We did this for three days, and each day had something new to offer to me. I learned so much in such a short time, but nothing more life-changing than what I experienced that last night.

We found our seats quickly and watched the words to the music appear on the projected screen behind the band. I hand my palms facing up singing to our songs of worship, and I liked it. This church taught kids. It taught me and you, and it was in a way we could understand. I listened to the guitar and bass stop playing as the drum kept going. It sounded like the heartbeat of all of us kids. Casey and Sarah continued to sing. All eight hundred of us repeated.

"Woah-oah!"
"Woah-oah!"

I looked around me, stage lights flashed over faces, the mosh pit in the front grew bigger as the song continued. Hands flew up in the air, people were dancing, singing . . . it was so perfect. A whole group of kids. Just average kids, but together . . . we were something great. In the real world you can't sing about Jesus with your high school buddies, (well maybe you can . . .), you can't spread the word of God unless you want to get laughed at. You can't walk around and expect to have a Christ-talk with everyone you meet. Here you could. Here we can. Here, we felt like the start of a movement. But, even in the spirited atmosphere, we had our time to sit down and listen to what we needed to learn. And this, everyone, is the great defining moment in my life.

And it wasn't anything that was said.

After listening attentively to our sermon, I didn't feel anything for the first time that whole week. It was weird to me, but I guess it wasn't my time to understand what was said, yet. We stood up, ready to sing once more before leaving to go back to our rooms, and that's when I looked over. There, I saw a girl in my group, and she was bawling her eyes out. I kind of checked to see if she was really crying, and that was a definite. And I mean, Look, I had no idea what was going on, so I hugged her and told her it was okay. The music was starting up again, and people were staring, but she continued to cry.

Now, when I see people cry, I start to cry. So now I'm bawling my eyes out, too, (or my eyes were screaming, as my friend would say afterwards), and I don't have a clue why. Soon, Lauren looks over and starts crying too. Then one girl after another, we all started crying.

Then, out of nowhere, I closed my eyes and started to pray.

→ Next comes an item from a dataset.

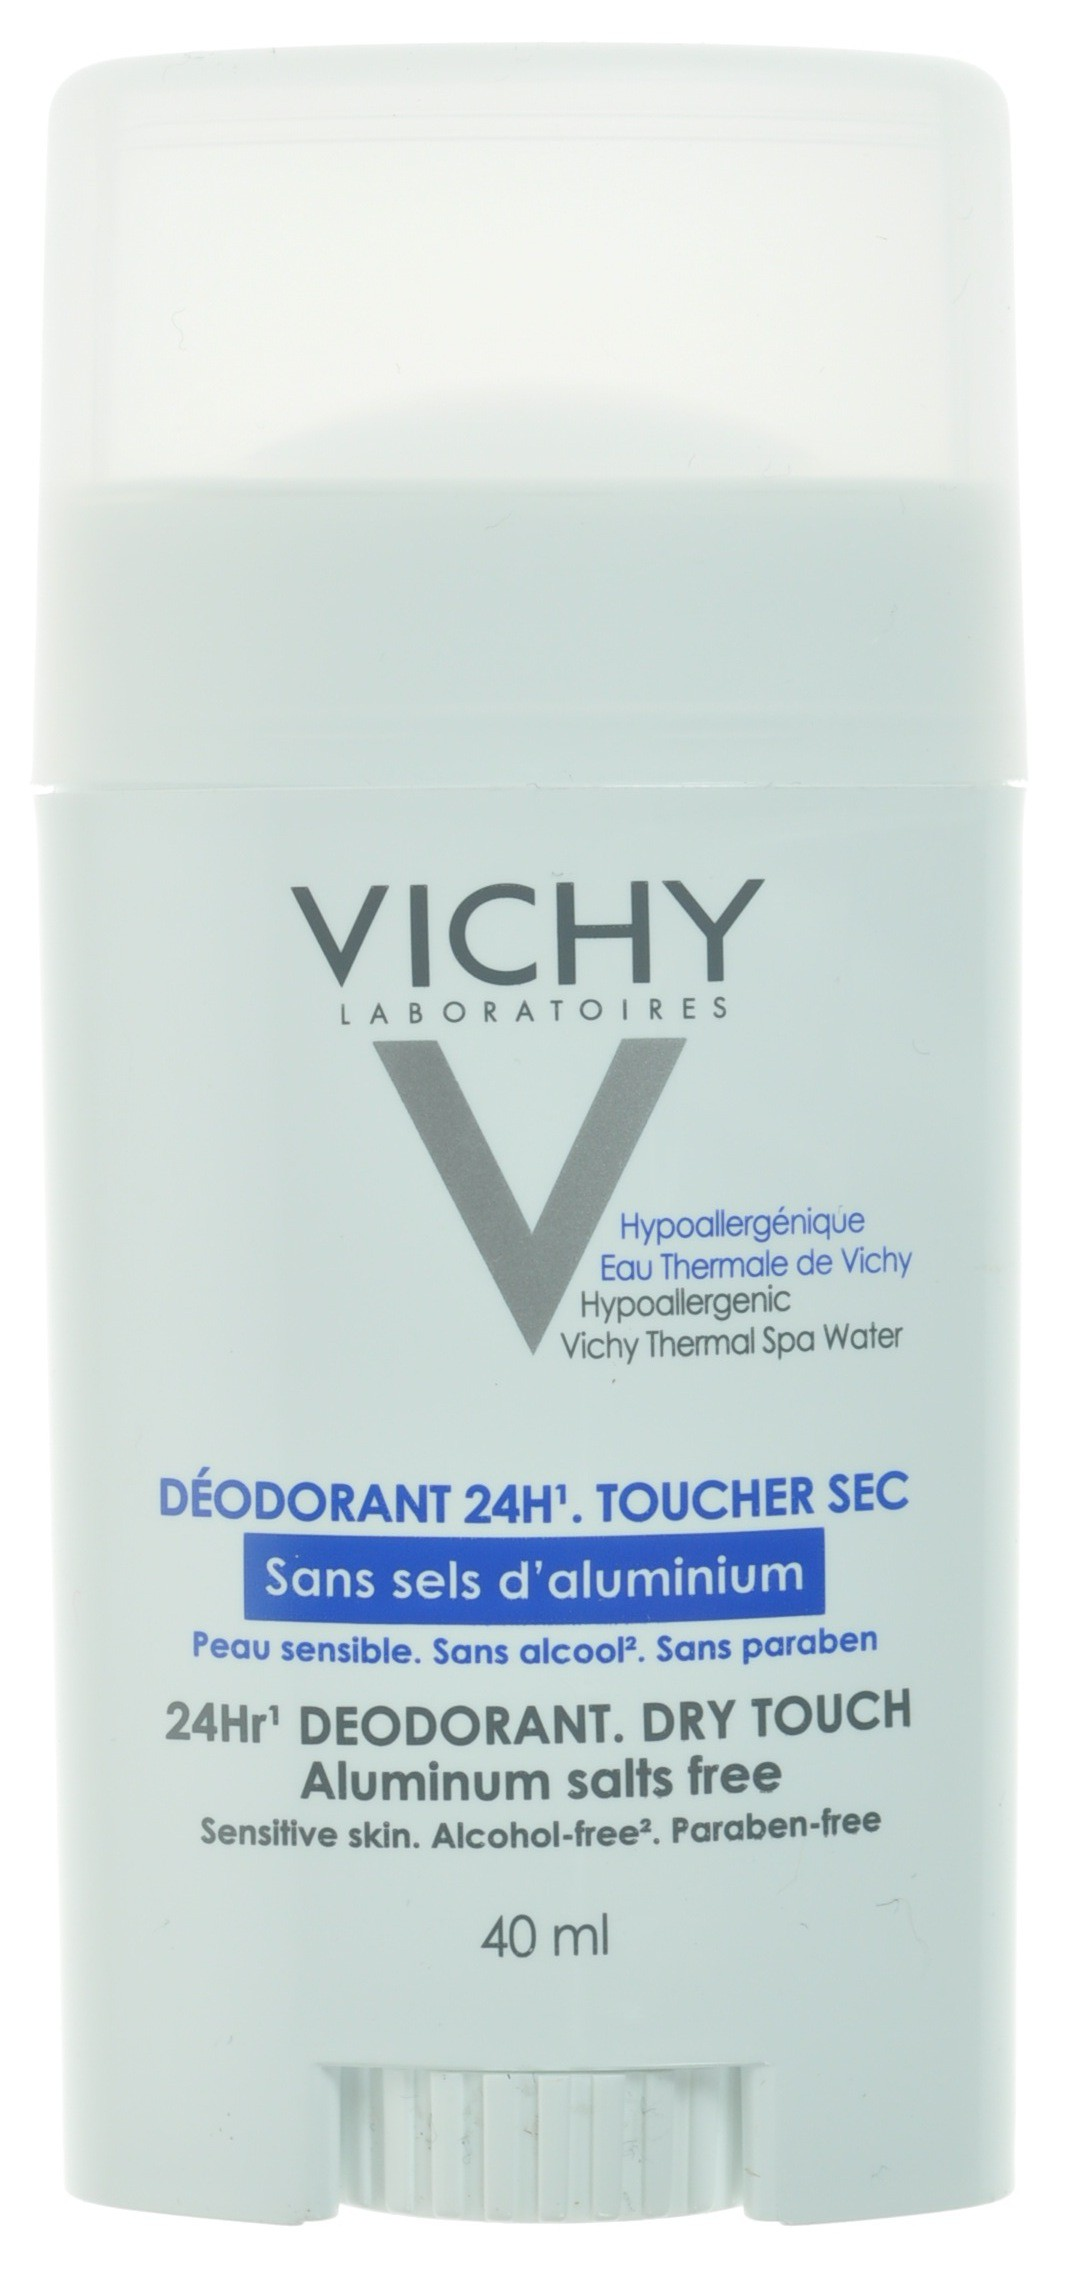 vichy deodorant stick 24h sans sel aluminium 40ml acheter en ligne. Black Bedroom Furniture Sets. Home Design Ideas

I had never been a strong Christ follower. I had doubts, I had never believed with a full heart. But suddenly, this huge wave of every emotion was pile-driving me into the ground. So, I'm on my knees trying to drown out the sound of people crying, and I'm praying. I'm praying to Jesus to save me. I'm praying for Him to take me as a follower and a believer. A disciple. Tears are running down my face, and I'm just so confused. I'm happy but sad, I'm scared but excited. My heart was throwing out old hardships, and it was being replaced with an overwhelming sense of love.

I can't tell you what exactly happened that night, I can't even explain it completely to myself, but all I know it I was saved. For the first time, I really felt a holy presence inside of me, and I felt like God was so close. It was such a high.

"I'm not saying the skies will open up and suddenly you'll find Jesus. But some of you might, and that's good."
-Shane, one of our amazing pastors

As we went into the room for session one last time, my heart ached to know I was going to have to keep up my journey alone without this camp anymore. Nobody's going to tell me to read my Bible every day, nobody is going to remind me to pray. Nobody is going to tell me to put my faith in God when everything is going wrong. I have to do it now, and I'm starting to feel ready.

Just minutes before we were about to leave, Brian points at a picture of a man standing in front of three tanks. He looks each of us straight in the eye and says his final parting words.

"Fans can't change the world. No fan will ever change the world. But followers can. Only believers can make a difference."

I am saved.

Author's Note: Snippets of the song Your Name High by Hillsong were used in my article. All quotes were from the pastors at the camp I went to, and that I heard and was touched by personally. I understand that not everyone has the same religious views as me, and I am not trying to make anyone convert, so please be respectful.